BumbleByte Software

Independent Software Contracting

Enjoy the View

Aimed at relatively new Scala developers or those unfamiliar with Scala collection performance outside the usual List or Seq types.

Most of the common collection types in Scala are implemented strictly; this means that at all times every element of the collection is calculated and stored in memory. This can have performance impacts if our collections come from expensive operations, contain a high number of objects, or contain particularly large objects. Some methods such as find or head don’t need to read every element of the collection and so using strict collections isn't always necessary. A good example of a collection that benefits from being lazy is the linked list (Scala's List type). Linked lists are implemented as an element and a pointer to the next element, instead we can make the collection lazy by storing a function for the next pointer instead. See the example below for how this works.

strictList = 1 -> 2 -> 3 -> 4 -> 5
lazyList   = 1 -> (n => n + 1)

Lists in Scala are not lazy by default and so if we want this behaviour we'll actually need to use List's sister class LazyList. This type works a lot like a list but instead the list is stored as an element and a "thunk", a function stored on the heap which can be used to calculate the next element. Now when we use our find or head operations we only calculate as many elements as we need rather than creating elements unnecessarily.

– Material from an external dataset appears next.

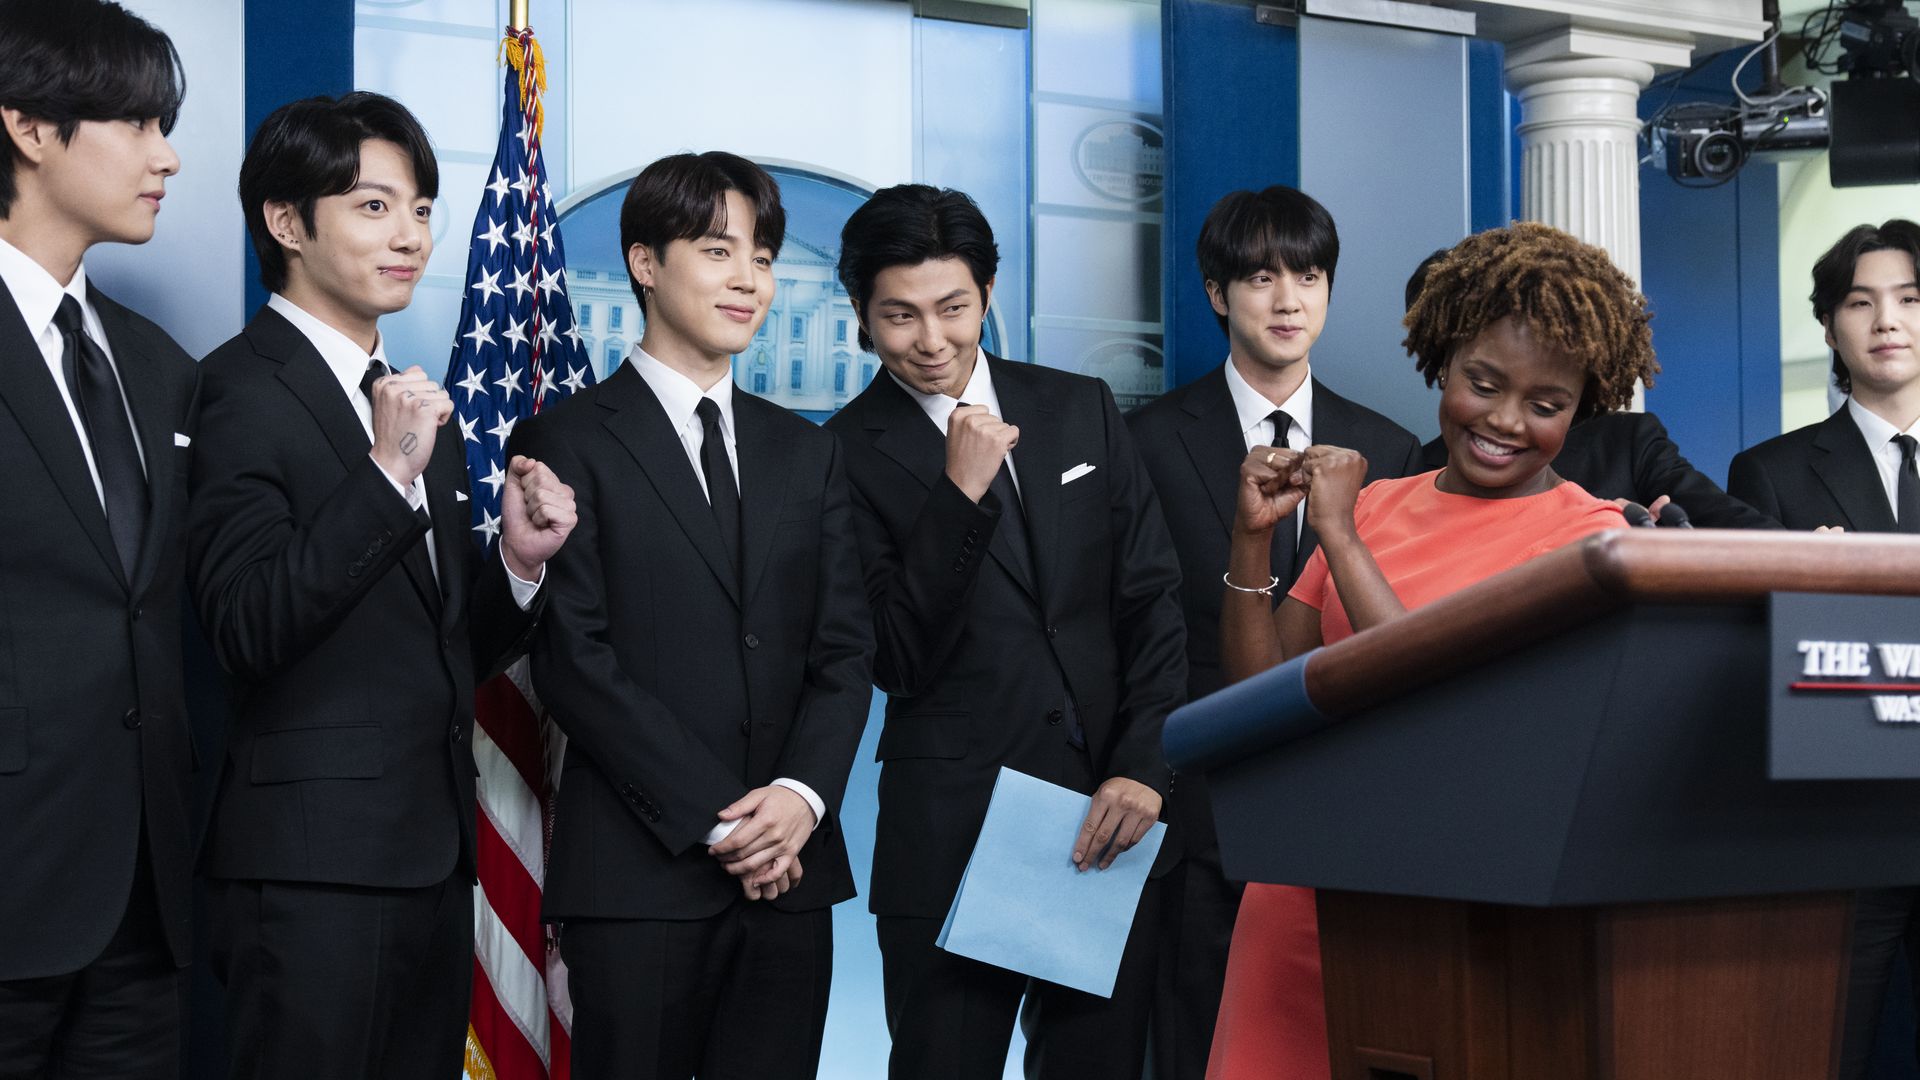 BTS, the K-pop band from South Korea, and Karine Jean-Pierre, White House press secretary, address the media before the group met with President Joe Biden at the White House

It also opens up some interesting algorithm designs that make use of infinite lists. For example, implementing a zipWithIndex function would look like this.

scala> LazyList.range(0, Int.MaxValue).zip("a cool example").toList
val res0: List[(Int, Char)] = List((0,a), (1, ), (2,c), (3,o), (4,o), (5,l), (6, ), (7,e), (8,x), (9,a), (10,m), (11,p), (12,l), (13,e))

Notice how the initial LazyList.range(0, Int.MaxValue) goes all the way to the maximum integer. If you replaced the LazyList with a regular strict List you’ll find the program takes a lot longer to complete (if it even does at all).

Lazy lists actually retain their elements after they're calculated so an infinitely sized LazyList can still risk overrunning your heap memory! If you want to discard elements you'll need to work recursively (with tail call optimization)

What if we're not working with a lazy collection? We can actually work with any collection lazily by using a View. You can summon a view for a collection by using .view and continue to use the familiar collection traversal methods. The upside is that every operation we do will be evaluated lazily just like the lazy list!

This example shows how the order of operations differs between a strict list and a lazy view on the same collection.

val normalList = List.range(0, 2)
val viewedList = normalList.view

val tappedList = normalList.tapEach(_ => println("Operation A")).tapEach(_ => println("Operation B"))
val tappedView = viewedList.tapEach(_ => println("Operation A")).tapEach(_ => println("Operation B"))

println("Not done yet?")
// realise the view
tappedView.toList

Run this snippet and you'll see something interesting.

Operation A
Operation A
Operation B
Operation B
Not done yet?
Operation A
Operation B
Operation A
Operation B

The strict list evaluates the entire list first for the first tapEach, and then evaluates it again for the second tapEach (meaning we've actually crossed the whole list twice). In the view however the operations are actually combined making our update more efficient. Similarly we actually don't see the output of the view until we force it back into a list later on (sometimes referred to as "realising" the list). A view isn't always the right choice for the job. Views are great for traversal but don't support functions that might access the collection in a random order (for example, sorting). Storing unevaluated thunks can also sometimes be more costly then simply evaluating the collection to begin with, for example situations where we might build a lot of views in one go.